[[ EXTRACTED MATERIAL open ]]

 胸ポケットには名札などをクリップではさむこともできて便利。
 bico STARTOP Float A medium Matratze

[[ EXTRACTED MATERIAL closed ]]
[[ EXTRACTED MATERIAL open ]]

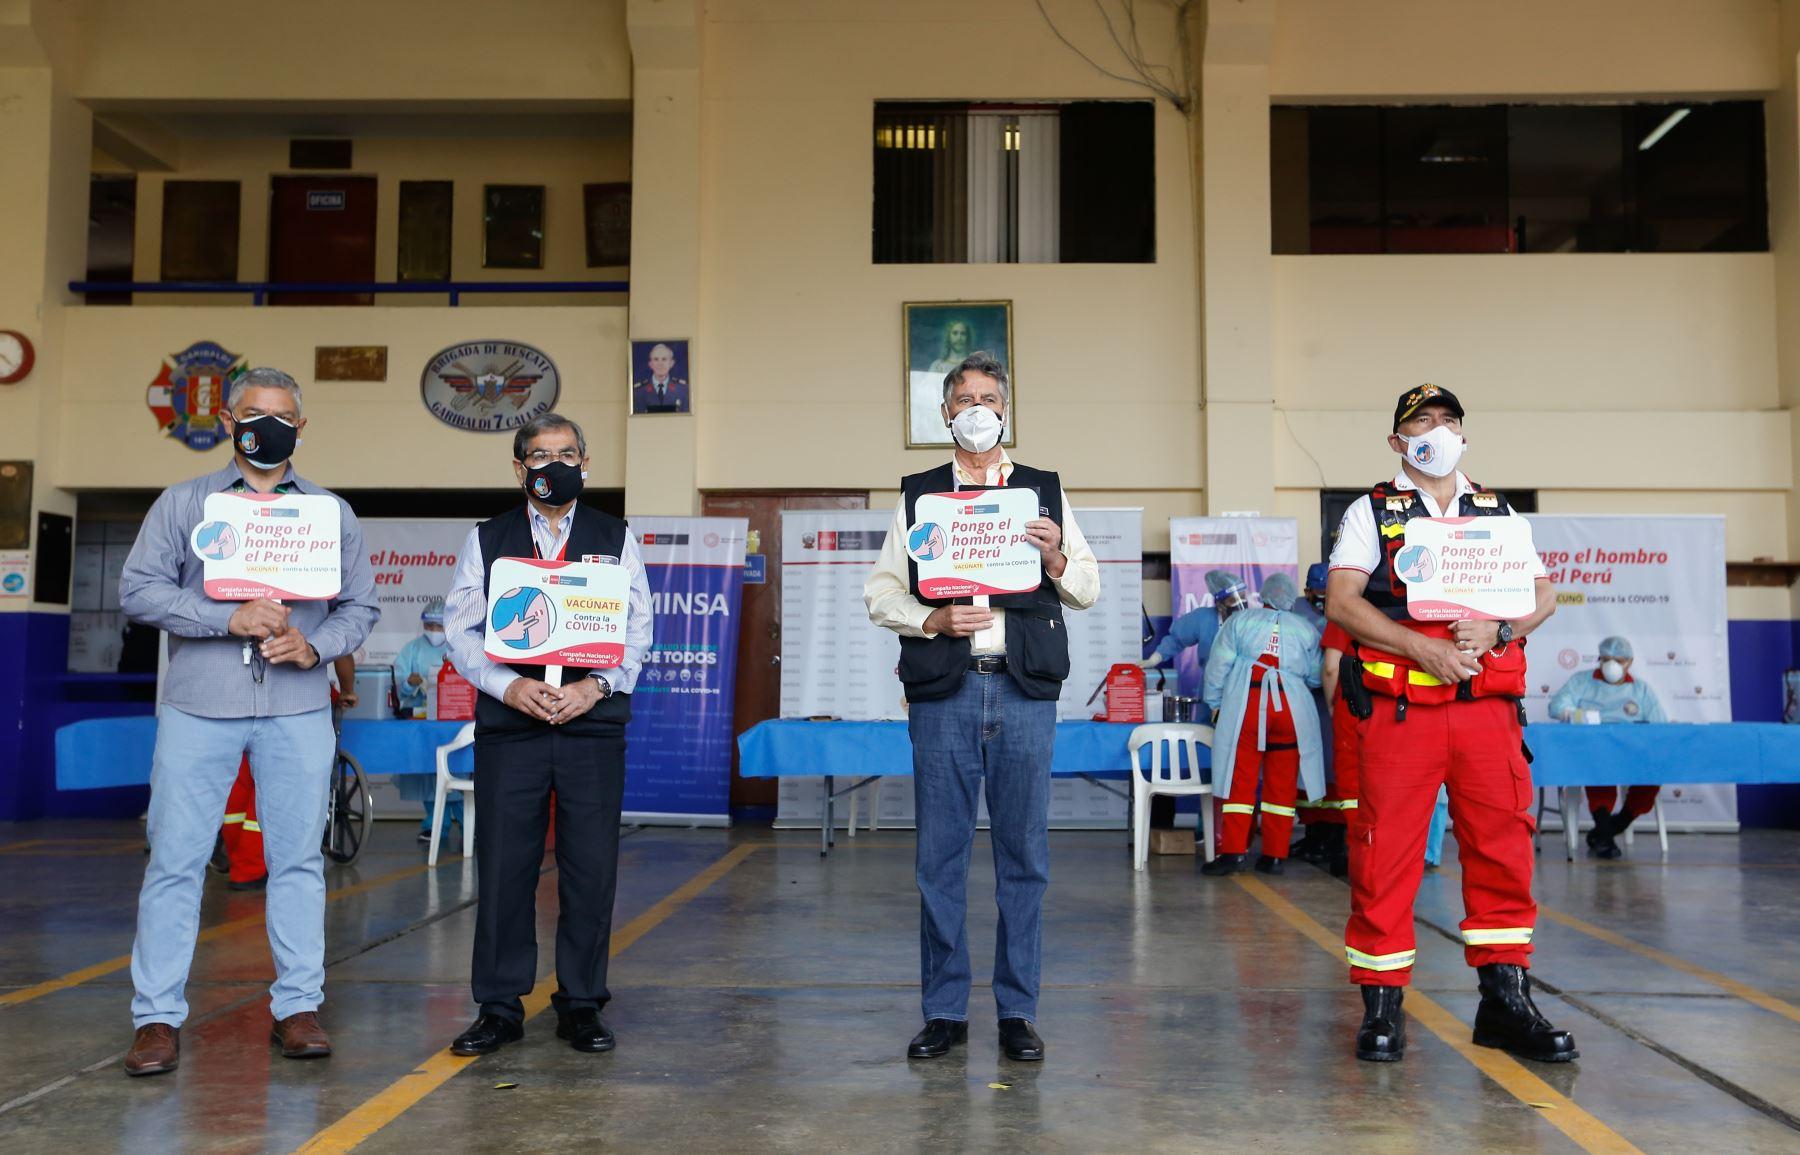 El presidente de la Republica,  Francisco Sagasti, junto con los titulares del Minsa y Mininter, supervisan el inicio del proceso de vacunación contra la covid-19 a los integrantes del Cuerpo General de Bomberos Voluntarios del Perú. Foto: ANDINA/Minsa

[[ EXTRACTED MATERIAL closed ]]
[[ EXTRACTED MATERIAL open ]]

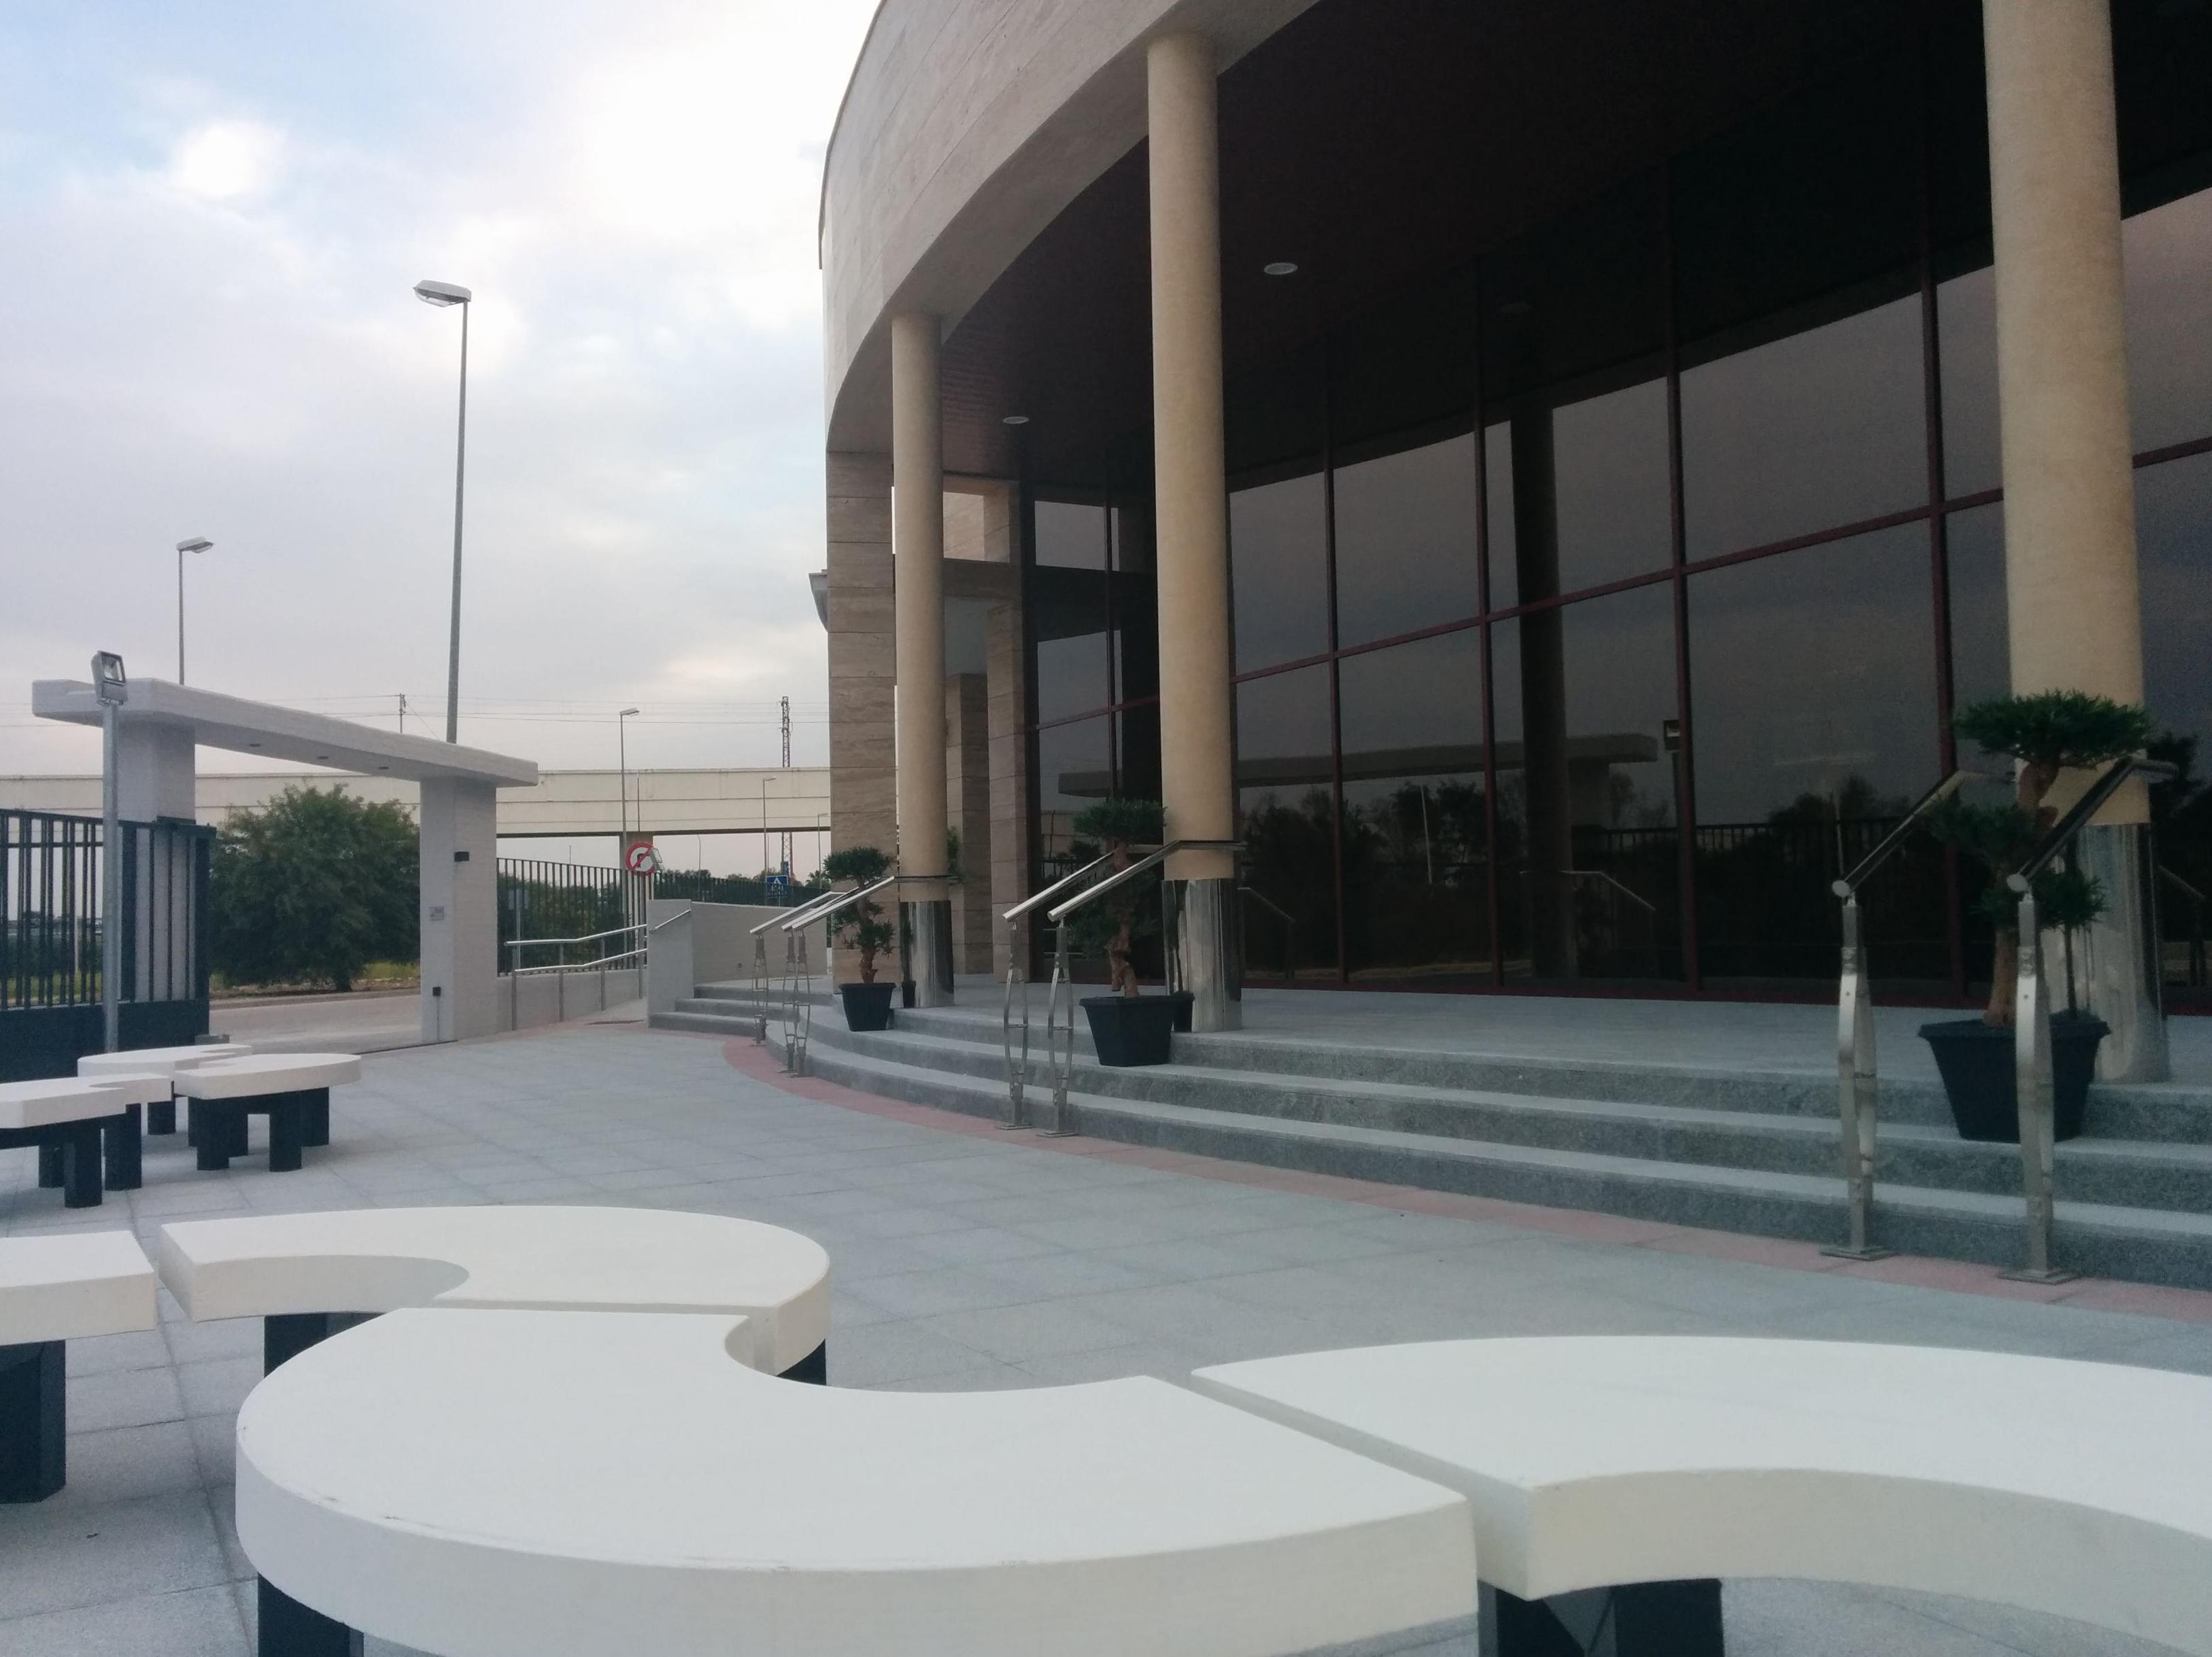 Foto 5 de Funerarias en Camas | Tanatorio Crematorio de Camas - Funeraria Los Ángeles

[[ EXTRACTED MATERIAL closed ]]

→ ABOUT THIS TASK: Repeat, character for character, the lines of the material above from the line with "胸ポケットには名札などをクリップではさむこともできて便利。" through the line with "bico STARTOP Float A medium Matratze".

→ EXERCISE SOLUTION:
 胸ポケットには名札などをクリップではさむこともできて便利。
 bico STARTOP Float A medium Matratze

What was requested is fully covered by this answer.